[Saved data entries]

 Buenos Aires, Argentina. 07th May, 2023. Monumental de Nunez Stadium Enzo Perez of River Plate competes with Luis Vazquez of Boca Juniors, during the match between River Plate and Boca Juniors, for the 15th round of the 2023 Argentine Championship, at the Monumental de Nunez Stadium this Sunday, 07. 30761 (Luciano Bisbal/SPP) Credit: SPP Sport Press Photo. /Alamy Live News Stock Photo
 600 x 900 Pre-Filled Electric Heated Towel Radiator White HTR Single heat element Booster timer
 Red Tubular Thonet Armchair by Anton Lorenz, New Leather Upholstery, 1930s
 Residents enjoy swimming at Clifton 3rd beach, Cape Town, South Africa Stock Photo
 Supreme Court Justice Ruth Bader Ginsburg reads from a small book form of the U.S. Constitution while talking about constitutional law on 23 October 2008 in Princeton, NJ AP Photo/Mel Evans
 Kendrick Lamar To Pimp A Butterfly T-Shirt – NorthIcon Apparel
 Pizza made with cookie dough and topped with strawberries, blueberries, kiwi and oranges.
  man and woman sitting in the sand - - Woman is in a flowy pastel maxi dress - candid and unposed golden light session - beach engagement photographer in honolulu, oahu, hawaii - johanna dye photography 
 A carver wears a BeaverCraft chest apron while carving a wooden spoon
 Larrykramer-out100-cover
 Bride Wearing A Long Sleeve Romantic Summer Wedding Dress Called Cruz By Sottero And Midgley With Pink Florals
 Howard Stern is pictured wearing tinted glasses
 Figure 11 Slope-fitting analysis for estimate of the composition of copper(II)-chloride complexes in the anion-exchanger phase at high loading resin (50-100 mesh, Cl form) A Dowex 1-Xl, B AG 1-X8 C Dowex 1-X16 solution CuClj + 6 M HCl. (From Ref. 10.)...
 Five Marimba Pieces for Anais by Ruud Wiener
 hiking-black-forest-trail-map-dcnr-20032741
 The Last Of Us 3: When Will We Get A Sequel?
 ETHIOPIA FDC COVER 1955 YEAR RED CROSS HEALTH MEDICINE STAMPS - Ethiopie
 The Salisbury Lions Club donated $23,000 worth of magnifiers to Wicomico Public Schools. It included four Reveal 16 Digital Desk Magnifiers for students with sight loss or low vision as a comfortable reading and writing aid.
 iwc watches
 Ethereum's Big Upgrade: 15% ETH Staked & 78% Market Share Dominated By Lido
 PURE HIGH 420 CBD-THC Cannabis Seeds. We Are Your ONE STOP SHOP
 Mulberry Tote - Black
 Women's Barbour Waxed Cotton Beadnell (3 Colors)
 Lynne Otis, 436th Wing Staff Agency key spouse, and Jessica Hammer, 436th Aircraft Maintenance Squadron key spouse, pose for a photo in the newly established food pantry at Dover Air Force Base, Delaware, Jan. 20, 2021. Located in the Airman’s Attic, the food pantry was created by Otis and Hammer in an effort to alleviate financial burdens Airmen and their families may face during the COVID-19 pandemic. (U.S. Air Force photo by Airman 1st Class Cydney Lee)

## Task goal:
Retype the data precisely.

## Response to this task:
 Buenos Aires, Argentina. 07th May, 2023. Monumental de Nunez Stadium Enzo Perez of River Plate competes with Luis Vazquez of Boca Juniors, during the match between River Plate and Boca Juniors, for the 15th round of the 2023 Argentine Championship, at the Monumental de Nunez Stadium this Sunday, 07. 30761 (Luciano Bisbal/SPP) Credit: SPP Sport Press Photo. /Alamy Live News Stock Photo
 600 x 900 Pre-Filled Electric Heated Towel Radiator White HTR Single heat element Booster timer
 Red Tubular Thonet Armchair by Anton Lorenz, New Leather Upholstery, 1930s
 Residents enjoy swimming at Clifton 3rd beach, Cape Town, South Africa Stock Photo
 Supreme Court Justice Ruth Bader Ginsburg reads from a small book form of the U.S. Constitution while talking about constitutional law on 23 October 2008 in Princeton, NJ AP Photo/Mel Evans
 Kendrick Lamar To Pimp A Butterfly T-Shirt – NorthIcon Apparel
 Pizza made with cookie dough and topped with strawberries, blueberries, kiwi and oranges.
  man and woman sitting in the sand - - Woman is in a flowy pastel maxi dress - candid and unposed golden light session - beach engagement photographer in honolulu, oahu, hawaii - johanna dye photography 
 A carver wears a BeaverCraft chest apron while carving a wooden spoon
 Larrykramer-out100-cover
 Bride Wearing A Long Sleeve Romantic Summer Wedding Dress Called Cruz By Sottero And Midgley With Pink Florals
 Howard Stern is pictured wearing tinted glasses
 Figure 11 Slope-fitting analysis for estimate of the composition of copper(II)-chloride complexes in the anion-exchanger phase at high loading resin (50-100 mesh, Cl form) A Dowex 1-Xl, B AG 1-X8 C Dowex 1-X16 solution CuClj + 6 M HCl. (From Ref. 10.)...
 Five Marimba Pieces for Anais by Ruud Wiener
 hiking-black-forest-trail-map-dcnr-20032741
 The Last Of Us 3: When Will We Get A Sequel?
 ETHIOPIA FDC COVER 1955 YEAR RED CROSS HEALTH MEDICINE STAMPS - Ethiopie
 The Salisbury Lions Club donated $23,000 worth of magnifiers to Wicomico Public Schools. It included four Reveal 16 Digital Desk Magnifiers for students with sight loss or low vision as a comfortable reading and writing aid.
 iwc watches
 Ethereum's Big Upgrade: 15% ETH Staked & 78% Market Share Dominated By Lido
 PURE HIGH 420 CBD-THC Cannabis Seeds. We Are Your ONE STOP SHOP
 Mulberry Tote - Black
 Women's Barbour Waxed Cotton Beadnell (3 Colors)
 Lynne Otis, 436th Wing Staff Agency key spouse, and Jessica Hammer, 436th Aircraft Maintenance Squadron key spouse, pose for a photo in the newly established food pantry at Dover Air Force Base, Delaware, Jan. 20, 2021. Located in the Airman’s Attic, the food pantry was created by Otis and Hammer in an effort to alleviate financial burdens Airmen and their families may face during the COVID-19 pandemic. (U.S. Air Force photo by Airman 1st Class Cydney Lee)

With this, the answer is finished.